Mais Catherine avait vu; et, malgré elle, un grand cri lui
sortit du coeur et l’étonna, comme l’aveu d’une préférence
ignorée d’elle-même.
—Prends garde! il a son couteau!
Étienne n’avait eu que le temps de parer le premier coup
avec son bras. La laine du tricot fut coupée par l’épaisse
lame, une de ces lames qu’une virole de cuivre fixe dans un
manche de buis. Déjà, il avait saisi le poignet de Chaval,
une lutte effrayante s’engagea, lui se sentant perdu s’il
lâchait, l’autre donnant des secousses, pour se dégager et
frapper. L’arme s’abaissait peu à peu, leurs membres
raidis se fatiguaient, deux fois Étienne eut la sensation
froide de l’acier contre sa peau; et il dut faire un effort
suprême, il broya le poignet dans une telle étreinte, que le
couteau glissa de la main ouverte. Tous deux s’étaient

jetés par terre, ce fut lui qui le ramassa, qui le brandit à son
tour. Il tenait Chaval renversé sous son genou, il menaçait
de lui ouvrir la gorge.
—Ah! nom de Dieu de traître, tu vas y passer!
Une voix abominable, en lui, l’assourdissait. Cela montait
de ses entrailles, battait dans sa tête à coups de marteau,
une brusque folie du meurtre, un besoin de goûter au sang.
Jamais la crise ne l’avait secoué ainsi. Pourtant, il n’était
pas ivre. Et il luttait contre le mal héréditaire, avec le frisson
désespéré d’un furieux d’amour qui se débat au bord du
viol. Il finit par se vaincre, il lança le couteau derrière lui, en
balbutiant d’une voix rauque:
—Relève-toi, va-t’en!
Cette fois, Rasseneur s’était précipité, mais sans trop oser
se risquer entre eux, dans la crainte d’attraper un mauvais
coup. Il ne voulait pas qu’on s’assassinât chez lui, il se
fâchait si fort, que sa femme, toute droite au comptoir, lui
faisait remarquer qu’il criait toujours trop tôt. Souvarine, qui
avait failli recevoir le couteau dans les jambes, se décidait
à allumer sa cigarette. C’était donc fini? Catherine
regardait encore, stupide devant les deux hommes, vivants
l’un et l’autre.
—Va-t’en! répéta Étienne, va-t’en ou je t’achève!
Chaval se releva, essuya d’un revers de main le sang qui

continuait à lui couler du nez; et, la mâchoire barbouillée de
rouge, l’oeil meurtri, il s’en alla en traînant les jambes, dans
la rage de sa défaite.

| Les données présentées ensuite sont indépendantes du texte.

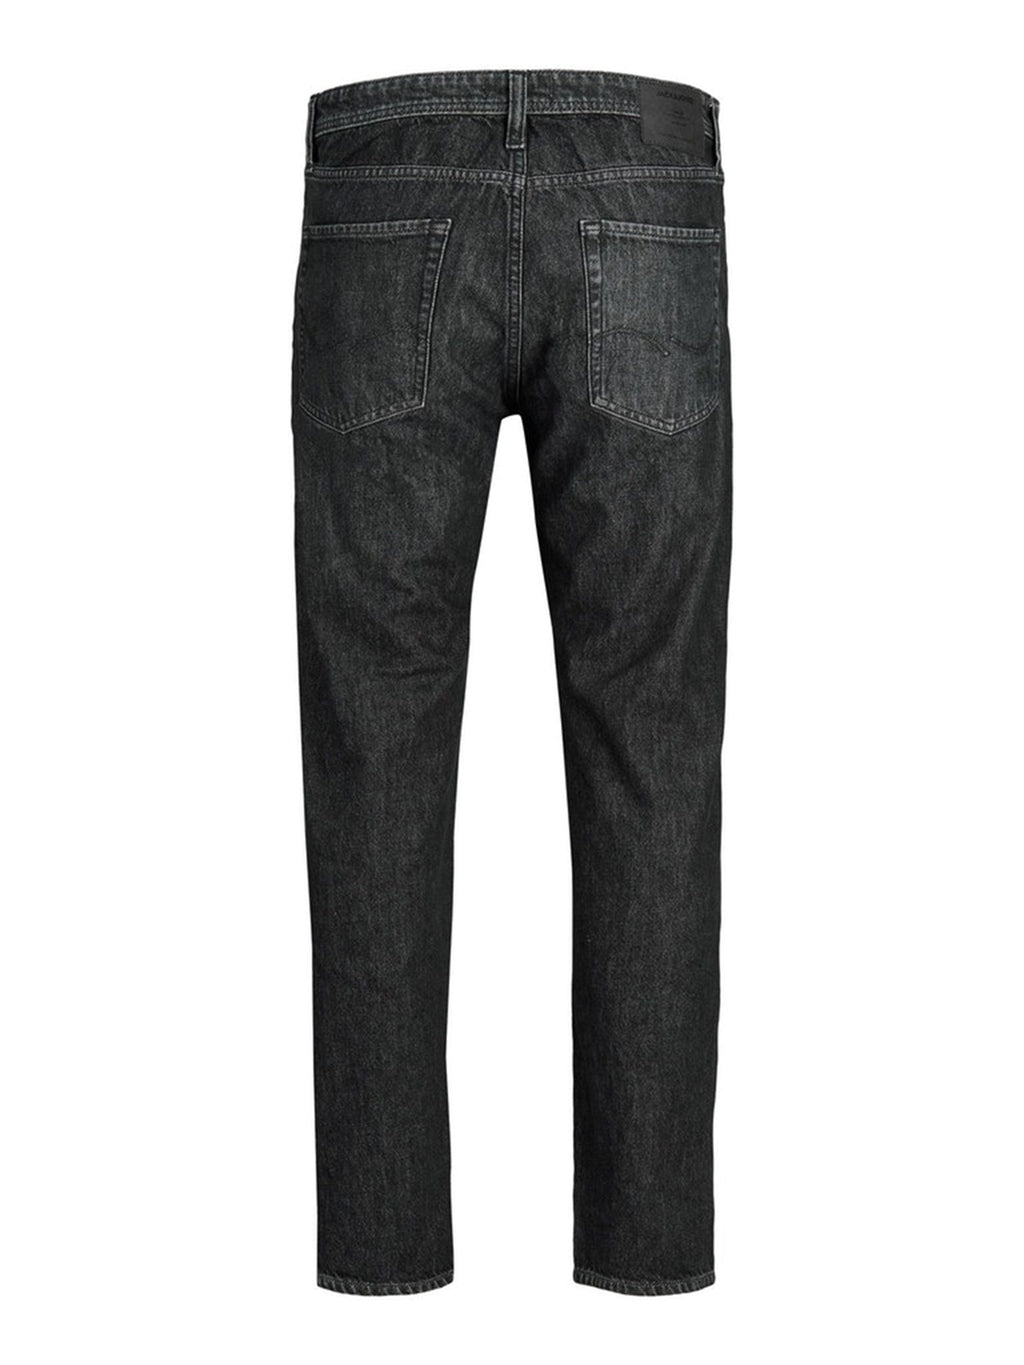 Jeans original de Chris MF993 - Denim negro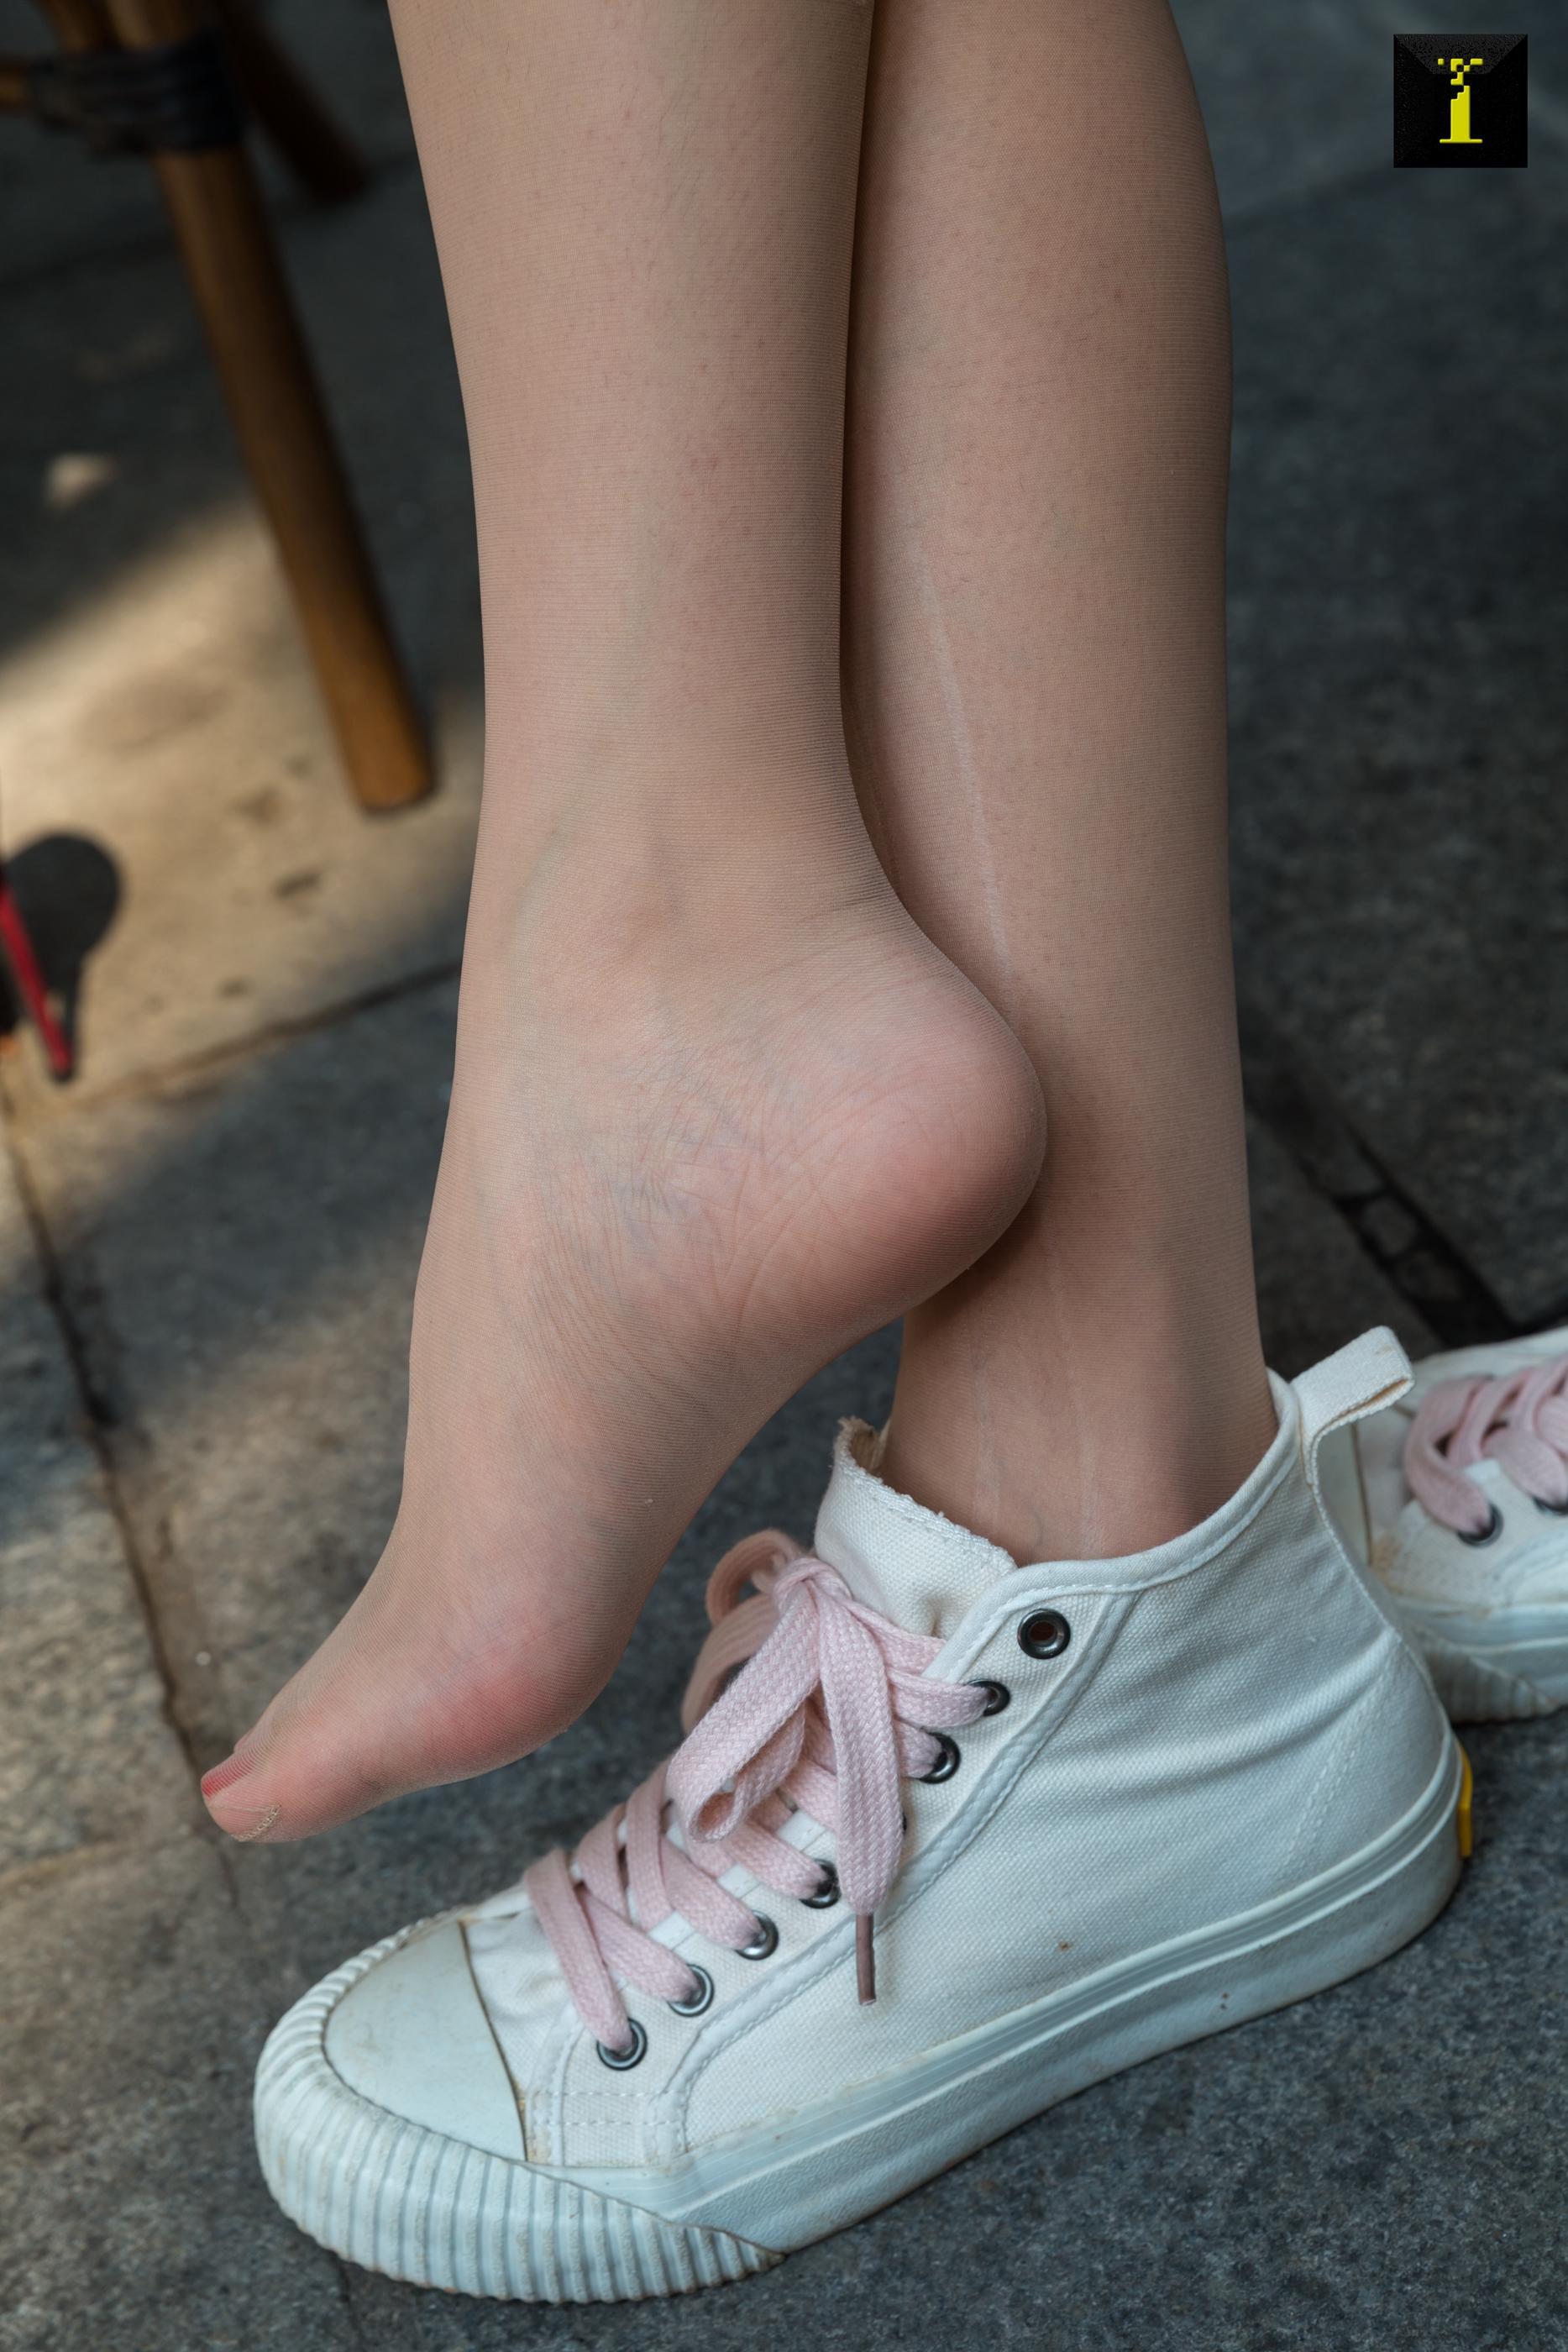 12 / 05 / 2019 sishengjia 636: crape myrtle - change into new high heels

Machinalement, Catherine le suivit.
Alors, il se redressa, sa haine éclata en un flot d’ordures.
—Ah! non, ah! non, puisque c’est lui que tu veux, couche
avec lui, sale rosse! Et ne refous pas les pieds chez moi, si
tu tiens à ta peau!
Il fit claquer violemment la porte. Un grand silence régna
dans la salle tiède, où l’on entendit le petit ronflement de la
houille. Par terre, il ne restait que la chaise renversée et
qu’une pluie de sang, dont le sable des dalles buvait les
gouttes.
IV
Quand ils furent sortis de chez Rasseneur, Étienne et
Catherine marchèrent en silence. Le dégel commençait, un
dégel froid et lent, qui salissait la neige sans la fondre.
Dans le ciel livide, on devinait la lune pleine, derrière de
grands nuages, des haillons noirs qu’un vent de tempête
roulait furieusement, très haut; et, sur la terre, aucune
haleine ne soufflait, on n’entendait que l’égouttement des
toitures, d’où tombaient des paquets blancs, d’une chute
molle.

Étienne, embarrassé de cette femme qu’on lui donnait, ne
trouvait rien à dire, dans son malaise. L’idée de la prendre
et de la cacher avec lui, à Réquillart, lui semblait absurde. Il
avait voulu la conduire au coron, chez ses parents; mais
elle s’y était refusée, d’un air de terreur: non, non, tout plutôt
que de se remettre à leur charge, après les avoir quittés si
vilainement! Et ni l’un ni l’autre ne parlaient plus, ils
piétinaient au hasard, par les chemins qui se changeaient
en fleuves de boue. D’abord, ils étaient descendus vers le
Voreux; puis ils tournèrent à droite, ils passèrent entre le
terri et le canal.
—Il faut pourtant que tu couches quelque part, dit-il enfin.
Moi, si j’avais seulement une chambre, je t’emmènerais
bien…
Mais un accès de timidité singulière l’interrompit. Leur
passé lui revenait, leurs gros désirs d’autrefois, et les
délicatesses, et les hontes qui les avaient empêchés d’aller
ensemble. Est-ce qu’il voulait toujours d’elle, pour se sentir
si troublé, peu à peu chauffé au coeur d’une envie
nouvelle?
Le souvenir des gifles qu’elle lui avait allongées, à Gaston-
Marie, l’excitait maintenant, au lieu de l’emplir de rancune.
Et il restait surpris, l’idée de la prendre à Réquillart
devenait toute naturelle et d’une exécution facile.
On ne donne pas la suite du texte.